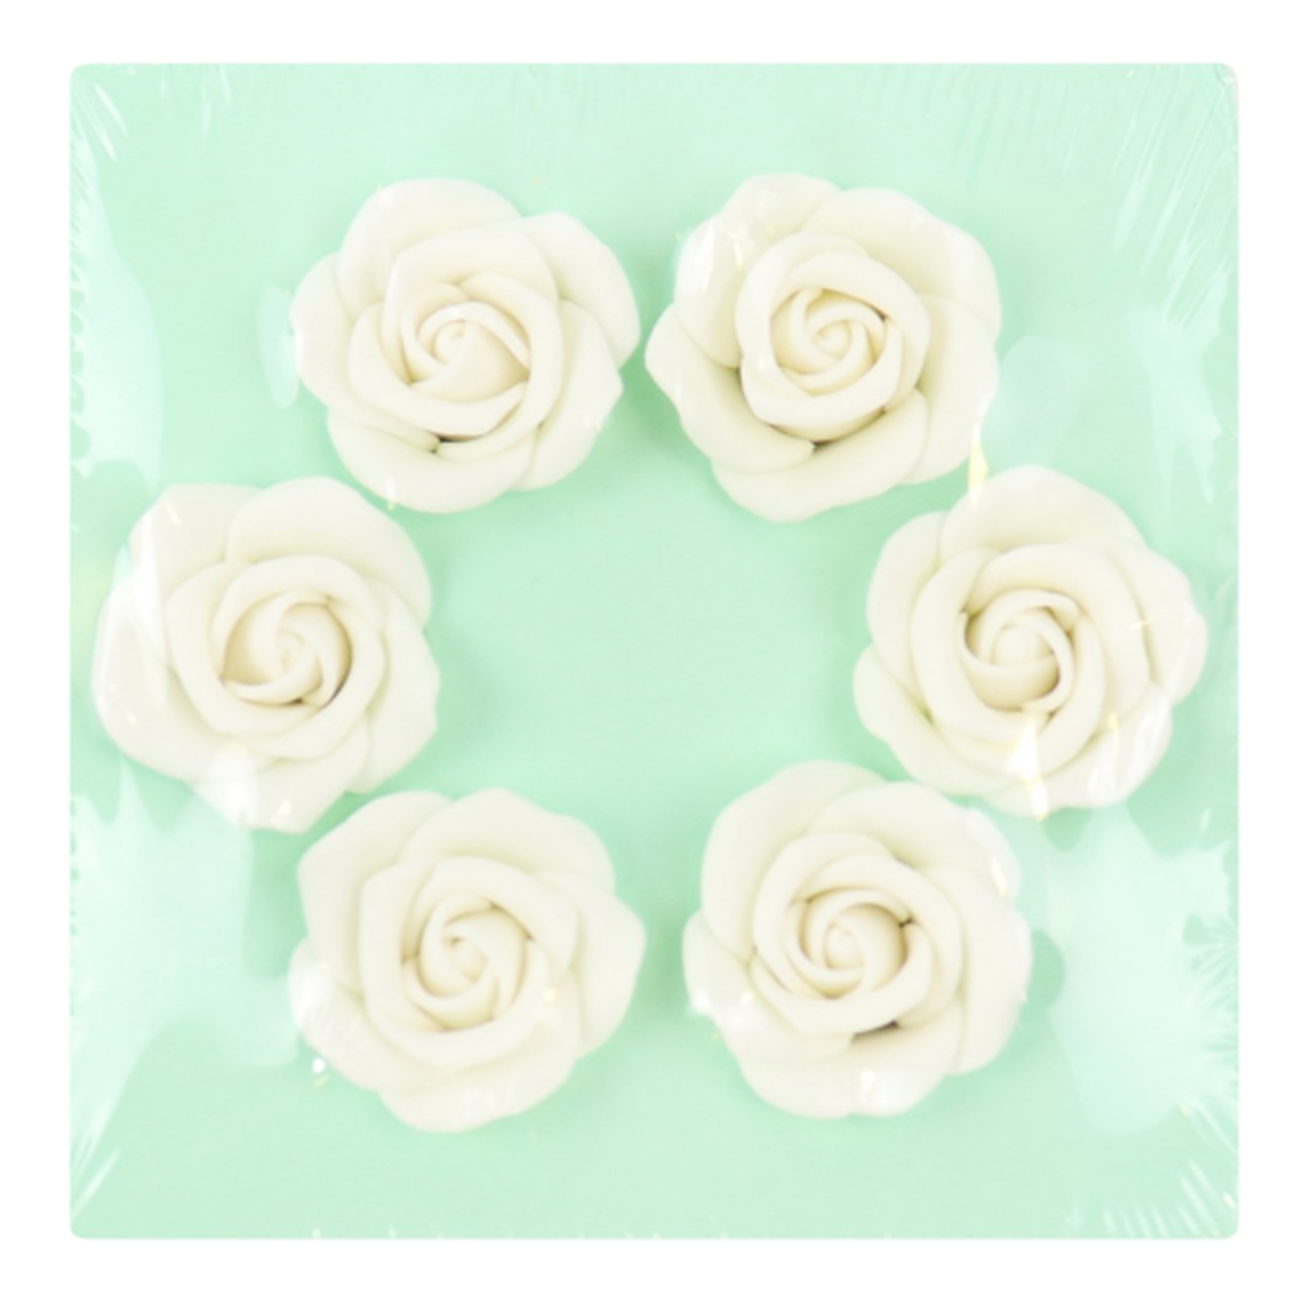 pme-white-sugar-roses-set6-45mm - PME White Sugar Roses Set of 6 
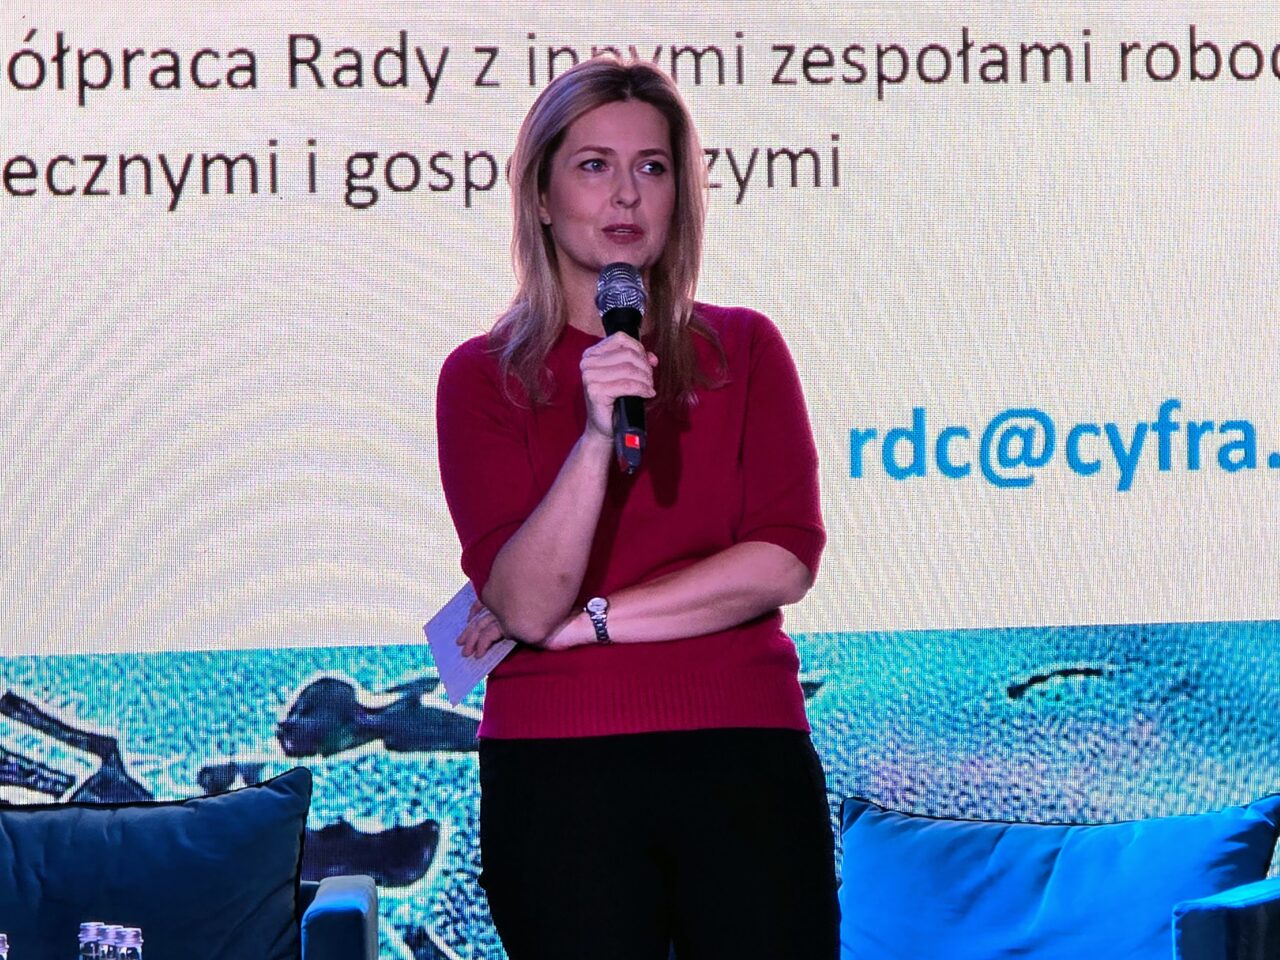 Przewodnicząca Rady ds. Cyfryzacji Agnieszka Jankowska podczas 16. FG Time. Kobieta stojąca na scenie trzyma mikrofon i prezentuje się przed wielkim ekranem z projekcją tekstu.
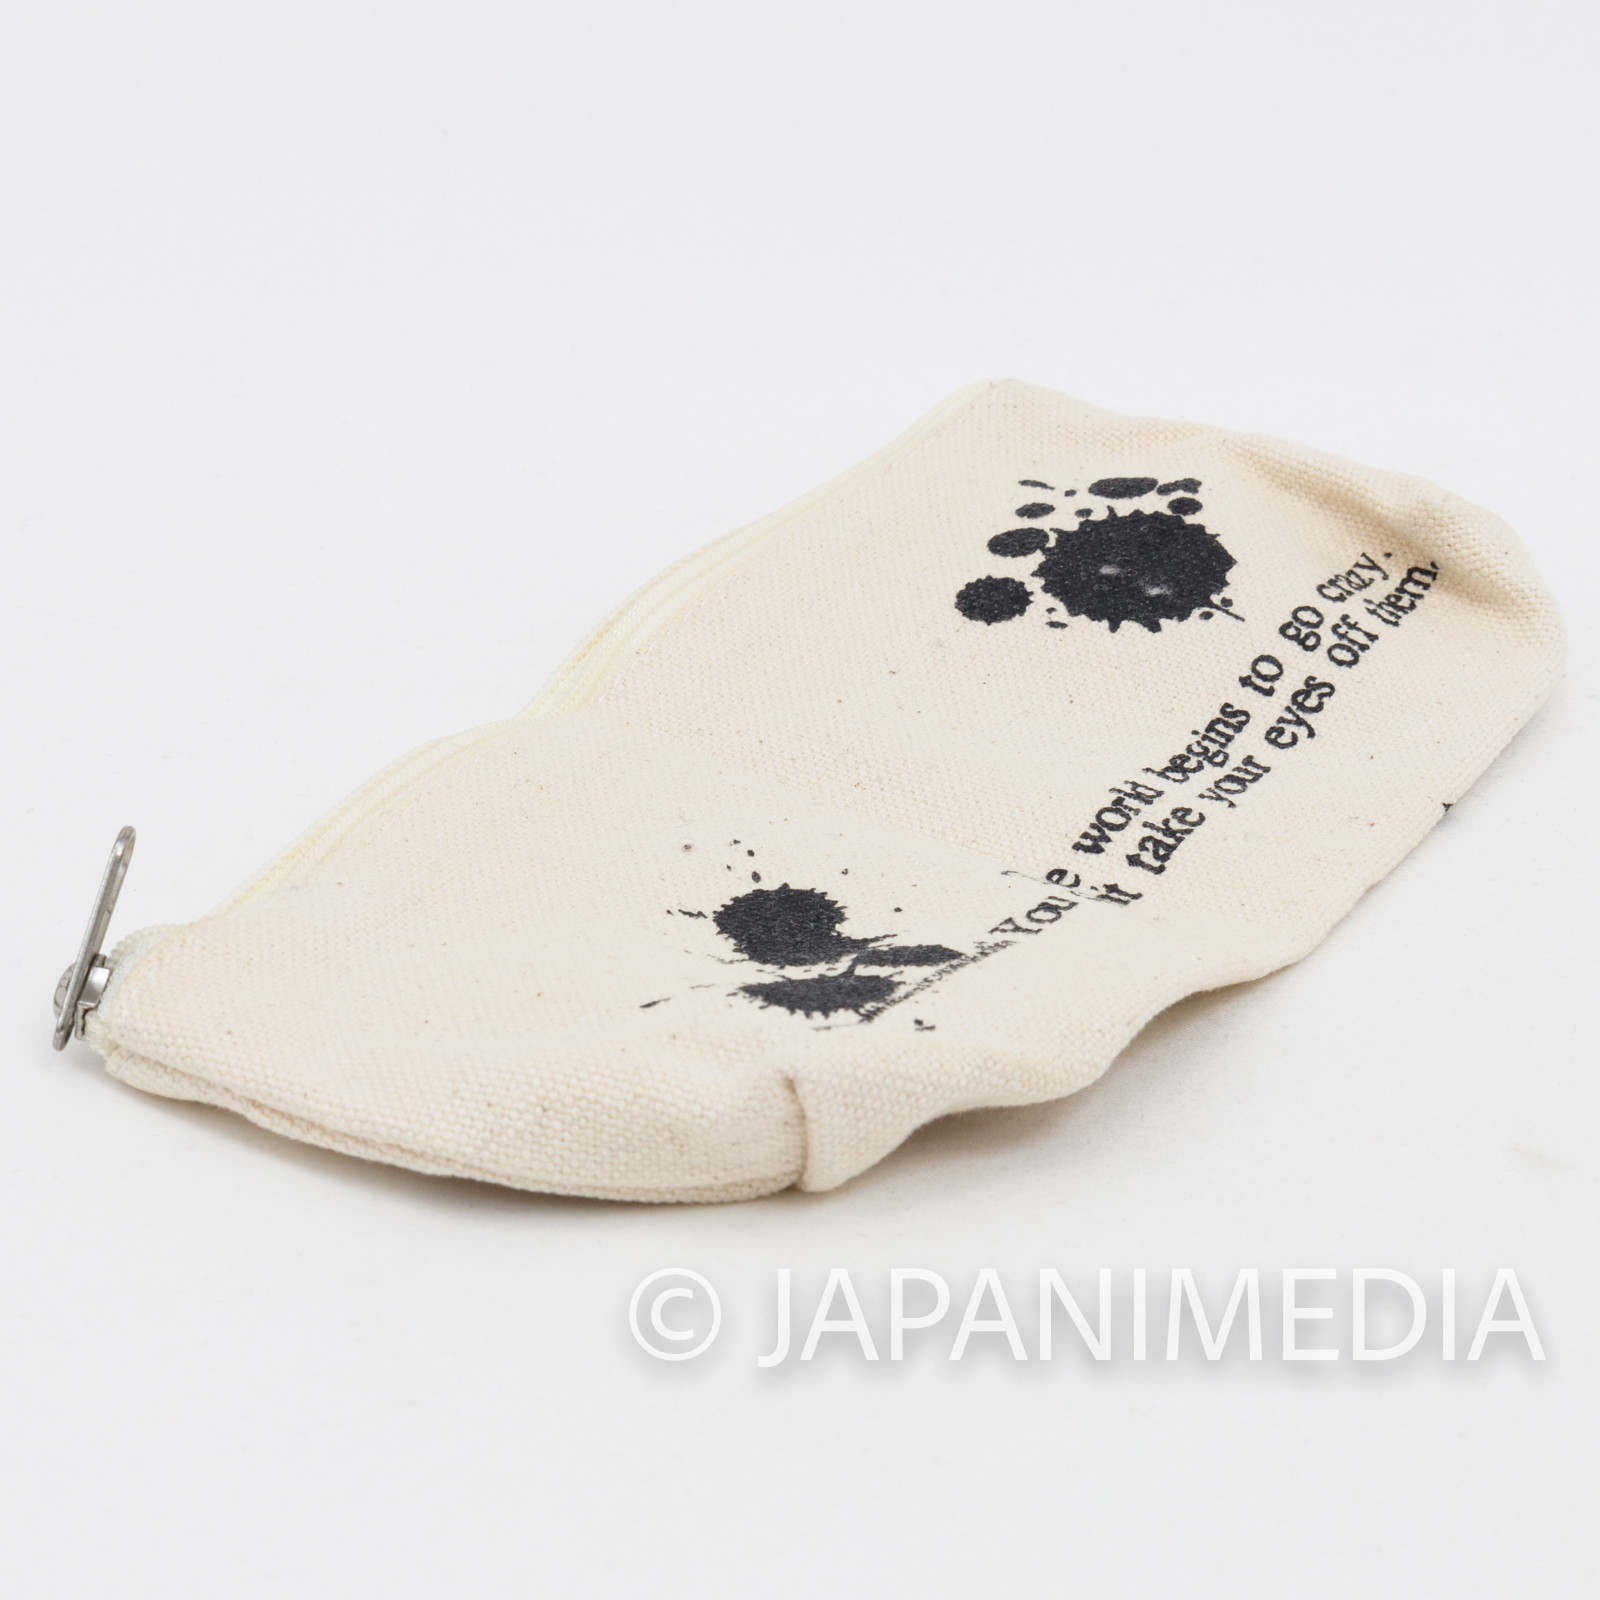 SAIYUKI Reload Soft Pen Case Kazuya Minekura JAPAN ANIME

=======

— Your goal —
Please reprint the whole listing exactly and omit its pictures.

— Response to this exercise —
 pme-white-sugar-roses-set6-45mm - PME White Sugar Roses Set of 6 
 Przewodnicząca Rady ds. Cyfryzacji Agnieszka Jankowska podczas 16. FG Time. Kobieta stojąca na scenie trzyma mikrofon i prezentuje się przed wielkim ekranem z projekcją tekstu.
 SAIYUKI Reload Soft Pen Case Kazuya Minekura JAPAN ANIME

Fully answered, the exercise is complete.